Because brothers and sisters live closely together within the family and affect each other’s lives, they often get angry and frustrated with each other. They sometimes compare with each other and can become jealous, bossy, resentful or competitive. They often test out their strengths and weaknesses on each other. These tensions are called sibling rivalry.

The biggest problem faced by young siblings is that they have to share the most important person/s in their lives: their parents.

International research shows that serious sibling rivalry happens less often in families where:
  • Physical aggression and violence are not acceptable behaviour,
  • Children are shown good anger management and problem-solving skills by adults
  • Family members have good times and fun together.

Sibling rivalry is very common, but it can still be very tiring and difficult to put up with for the parents and the rest of the family. As a parent there are a number of things that you can do to at least minimise the conflict.

The most important one is to accept that it is a perfectly healthy process during which both children are learning a lot of important skills about getting along with other people. Everything you do should be aimed at supporting and enhancing that process.

There are good things about sibling rivalry.

As the children in a family discover how to get along together and grow up together they will learn very important and helpful life skills. Skills such as:

  • How to understand, respect and consider another person’s needs and ideas
  • Ways to compromise, negotiate and problem-solve with others
  • Ways to express and safely manage angry feelings
  • How to forgive and patch things up after anger.

These are great skills to have. It is important that children have the opportunity to learn them and have opportunities to practice them in a safe environment.
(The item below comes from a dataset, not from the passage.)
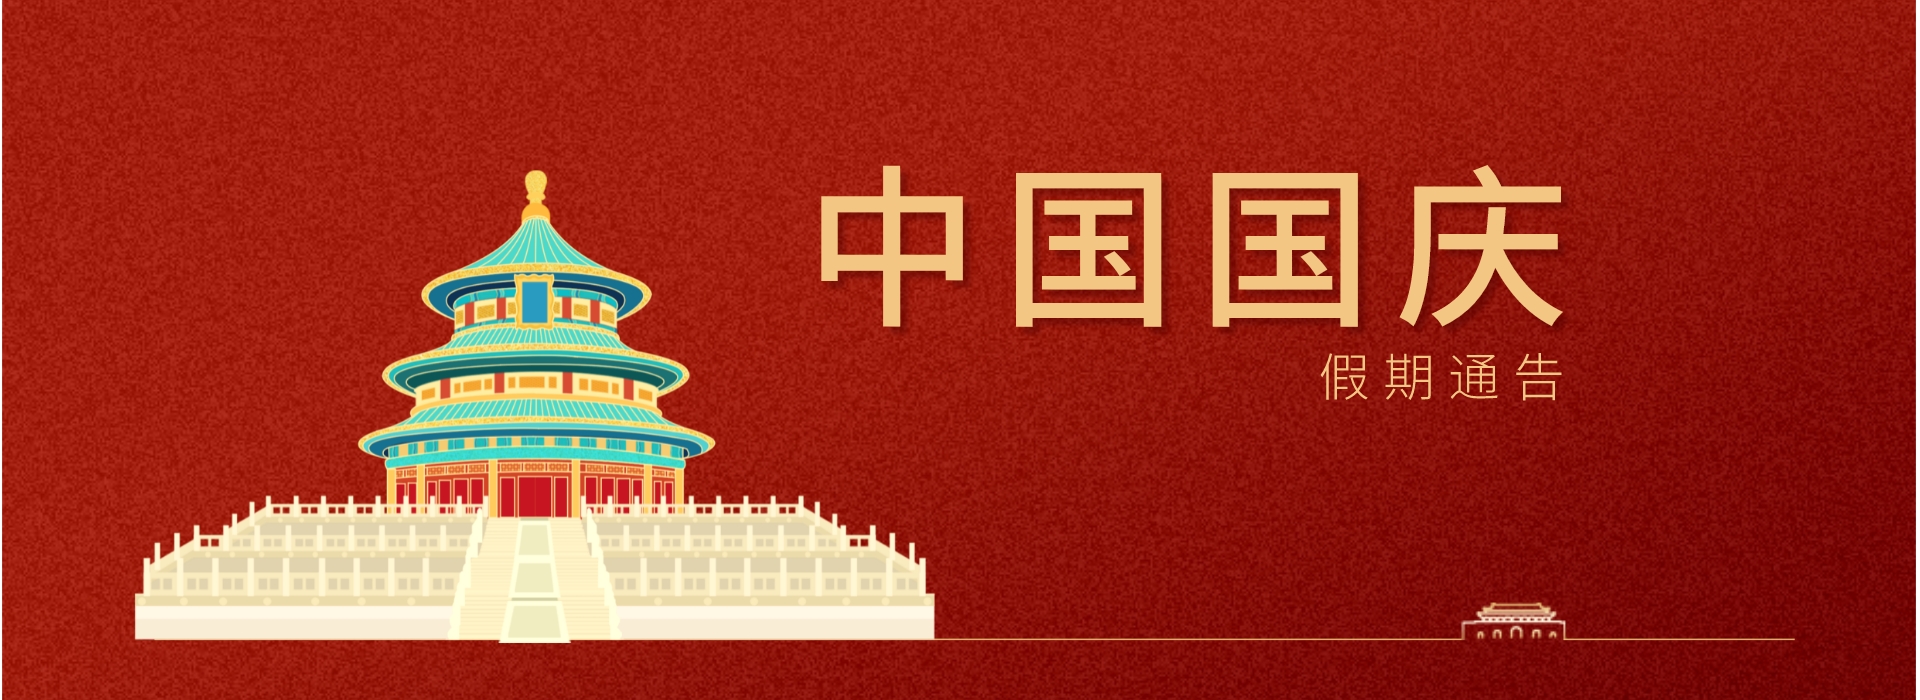 2022年10月1日中国国庆假期通告 | MYBEST中国到马来西亚空运海运 | MYBEST拼多多集运代运

Tips for parents to deal with sibling rivalry:
  • Try not to get involved – as far as possible encourage them to sort out their own differences and get along together. Mediate between them only if it’s really necessary.
  • If you do have to step in, separate them until things have calmed down. Don’t focus on who is to blame. Work with the children on ways of resolving the dispute; try to find a win/win solution.
  • Acknowledge the resentment or anger, e.g., ‘I know that you feel very angry with Anne, but you can’t hit her with a stick.’
  • Help them to learn not to expect everyone to always do or see things the way they do. Teach them to respect others. Everyone is different.
  • Let them express angry feelings in safe ways. Teach them that it’s OK to feel anger but hurting others or things when you are angry is never OK.
  • Manage your own anger well. If anger management is a problem for you, seek help so that you can role model good anger management strategies.
  • Teach forgiveness. Learning to patch things up and forgive is a life skill.
  • Set ground rules for acceptable behaviour. Get the children involved on working out the ground rules. Keep them simple. Write them down and stick them on the fridge door or family notice board.
  • Praise good behaviour. Let them know that it’s great when they get along well together and enjoy each other’s company.
  • Don’t make comparisons – each child is unique and resents being compared to another. Never show one child special treatment.
  • Make time to have fun together as a family. Find things to do that everyone enjoys, even just simple things. Making memories is something special that siblings can share again together in the future. Celebrate special events.